6.4. Ceph Object Gateway

From a data security and retention perspective, the Ceph Object Gateway interface has some important differences when compared to the Ceph Block Device and Ceph Filesystem interfaces. The Ceph Object Gateway provides a service to end users. So the Ceph Object Gateway may store:

  • User Authentication Information: User authentication information generally consists of user IDs, user access keys and user secrets. It may also comprise a user’s name and email address if provided. Ceph Object Gateway will retain user authentication data unless the user is explicitly deleted from the system.
  • User Data: User data generally comprises user- or administrator-created buckets or containers, and the user-created S3 or Swift objects contained within them. The Ceph Object Gateway interface creates one or more Ceph Storage cluster objects for each S3 or Swift object and stores the corresponding Ceph Storage cluster objects within a data pool. Ceph assigns the Ceph Storage cluster objects to placement groups and distributes or places them pseudo-randomly in OSDs throughout the cluster. The Ceph Object Gateway may also store an index of the objects contained within a bucket or index to enable services such as listing the contents of an S3 bucket or Swift container. Additionally, when implementing multi-part uploads, the Ceph Object Gateway may temporarily store partial uploads of S3 or Swift objects.

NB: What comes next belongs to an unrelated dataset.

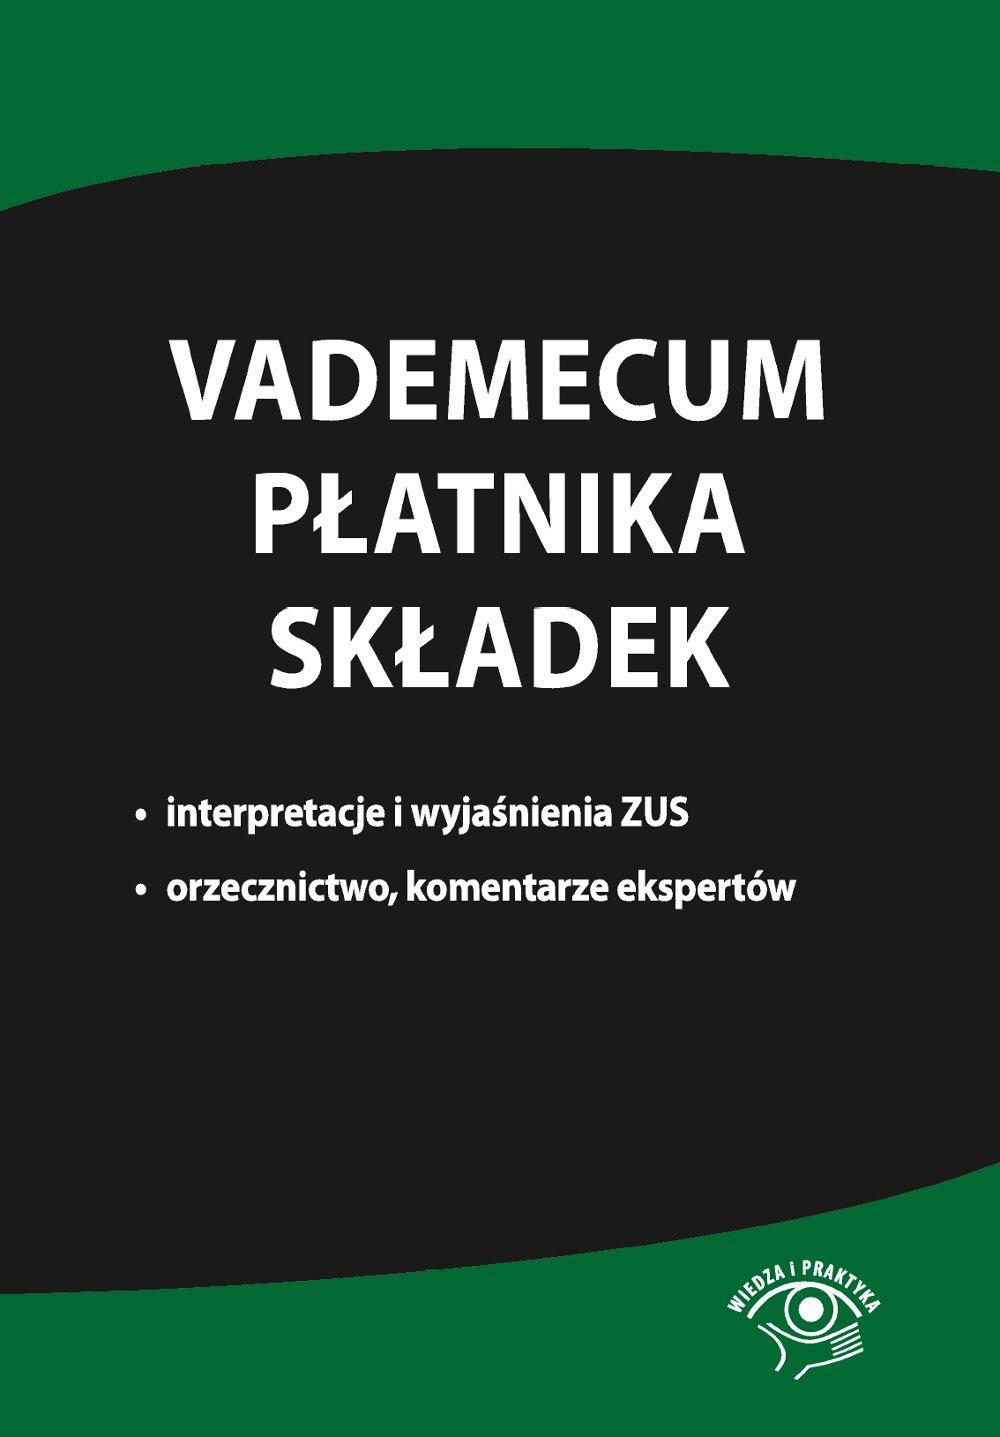 Vademecum płatnika składek. Interpretacje i wyjaśnienia ZUS, orzecznictwo, komentarze ekspertów - Ebook (Książka na Kindle) do pobrania w formacie MOBI

    End users may create, modify and delete buckets or containers, and the objects contained within them in a Ceph Object Gateway. Ceph handles the CRUD operations of each individual Ceph Storage cluster object representing the S3 or Swift object.

    Deleting S3 or Swift objects destroys the corresponding Ceph Storage cluster objects in an unrecoverable manner. However, residual data artifacts may continue to reside on storage media until overwritten. Data may also remain in back up archives.

  • Logging: Ceph Object Gateway also stores logs of user operations that the user intends to accomplish and operations that have executed. This data provides traceability about who created, modified or deleted a bucket or container, or an S3 or Swift object residing in a an S3 bucket or Swift container. When users delete their data, the logging information is not effected and will remain in storage until deleted by a system administrator or removed automatically by expiration policy.

Bucket Lifecycle

Ceph Object Gateway also supports bucket lifecycle features, including object expiration. Data retention regulations like the General Data Protection Regulation may require administrators to set object expiration policies and disclose them to end users among other compliance factors.

Multisite

Ceph Object Gateway is often deployed in a multi-site context whereby a user stores an object at one site and the Ceph Object Gateway creates a replica of the object in another cluster possibly at another geographic location. For example, if a primary cluster fails, a secondary cluster may resume operations. In another example, a secondary cluster may be in a different geographic location, such as an edge network or content-delivery network such that a client may access the closest cluster to improve response time, throughput and other performance characteristics. In multisite scenarios, administrators must ensure that each site has implemented security measures. Additionally, if geographic distribution of data would occur in a multisite scenario, administrators must be aware of any regulatory implications when the data crosses political boundaries.